I saw this. I heard this from military colleagues. I saw it in the actions that were underway. I used to talk about it on CNN when I was a military analyst here.

We did not pursue Osama bin Laden in the mountains of Tora Bora and so now we've had this dance with the Pakistani forces over there and now over two years later we didn't get anybody. If we put American troops in there two years ago, we might have bagged our prey.

And finally, by going after Iraq what Dick Clarke says is we were distracted from the focus on al Qaeda and that is a concern.

WOODRUFF: All right. Well we're going to have to leave it there. General Clark, Wesley Clark, former NATO commander, former presidential candidate for the Democrats we appreciate you joining us.

CLARK: Thank you, Judy.

WOODRUFF: This is something we know we're going to continue to hear about and talk about for days to come. General Clark thank you very much.

CLARK: Thank you.

WOODRUFF: And coming up tonight on NEWSNIGHT, another presidential candidate, another war and what the FBI was doing. We'll be back.

(COMMERCIAL BREAK)

WOODRUFF: Tonight there is a new window into the operations of the FBI, one that has nothing to do with the 9/11 attacks or the commission investigating alleged intelligence failures.
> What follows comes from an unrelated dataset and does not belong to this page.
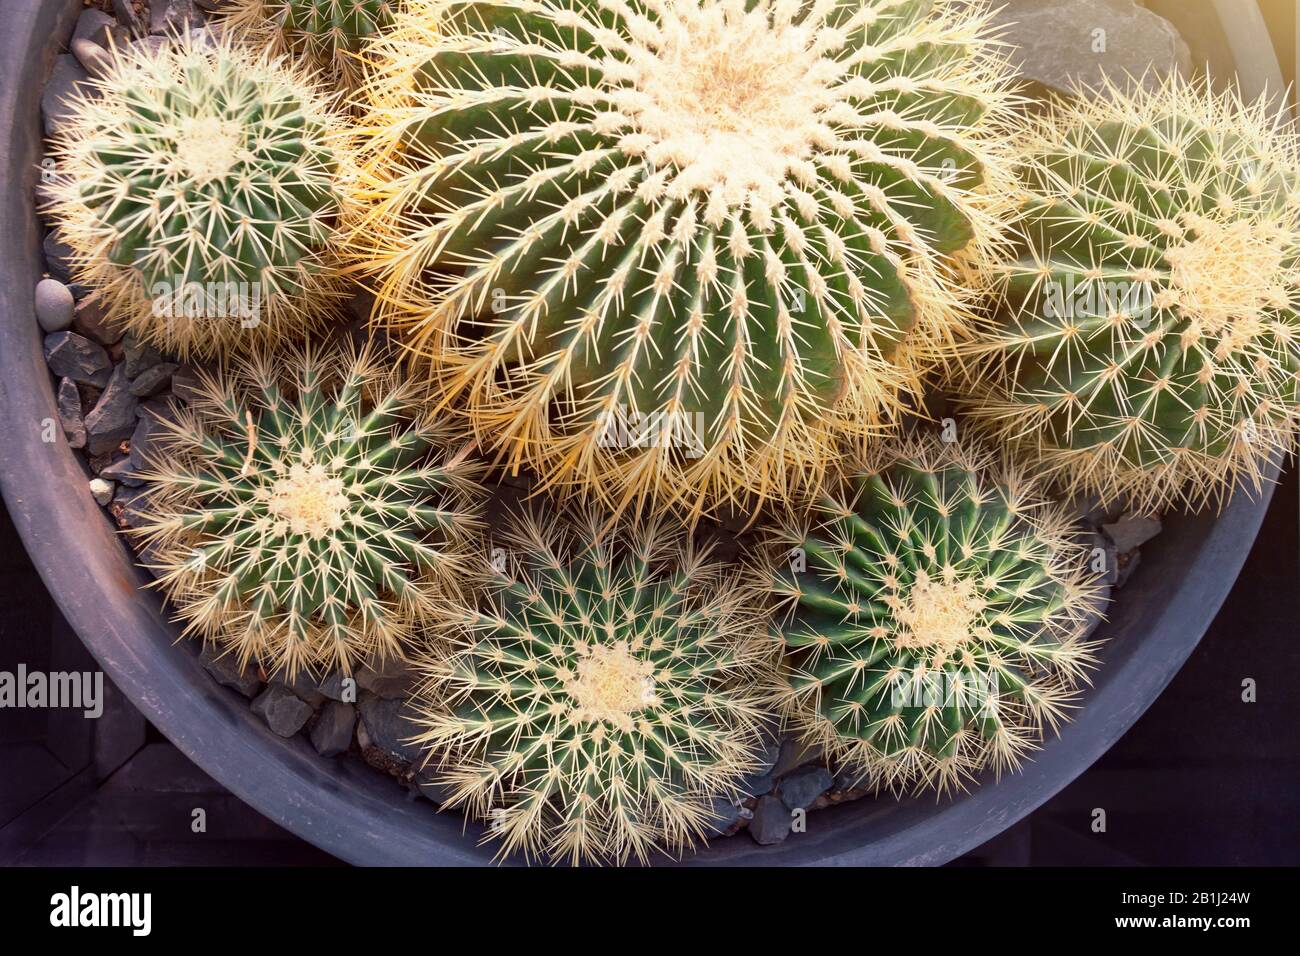 Several round large cacti in a pot, top view Stock Photo

A review of thousands of documents more than 30 years old reveals for the first time how far the FBI went to investigate anti-war groups and their leaders, including the presumptive Democratic presidential candidate John Kerry.

Here now CNN's Kelly Wallace.

(BEGIN VIDEOTAPE)

JOHN KERRY, ANTI-WAR ACTIVIST: We're going to keep coming back until this war ends.

WALLACE (voice-over): As John Kerry stepped into the national spotlight in 1971, the Nixon administration's FBI stepped up its monitoring of Kerry and the group he helped direct, Vietnam Veterans Against the War, also known as VVAW.

GERALD NICOSIA, AUTHOR "HOME TO WAR": Nixon and the FBI saw VVAW as a major, major threat to the United States.

WALLACE: Gerald Nicosia is author of the book "Home to War," a history of the Vietnam Veterans movement.

NICOSIA: They really believed that these veterans were going to come to Washington with, you know, rifles and armaments and storm, and create a coup, you know, storm the White House, kill the president, take over the government.

WALLACE: But it wasn't until Nicosia recently reviewed 20,000 pages of FBI documents he obtained five years ago that the extent Kerry himself was followed by FBI agents became public. The documents note the mundane, like how many people Kerry talked to and what he said like here, calling for a political process to bring an end to the war.

Through a spokesman, the vacationing Senator told CNN: "It is almost surreal to learn the extent to which I was followed by the FBI." White House tapes show President Nixon keeping tabs on Kerry. Here he talks with his special counsel Charles Colson.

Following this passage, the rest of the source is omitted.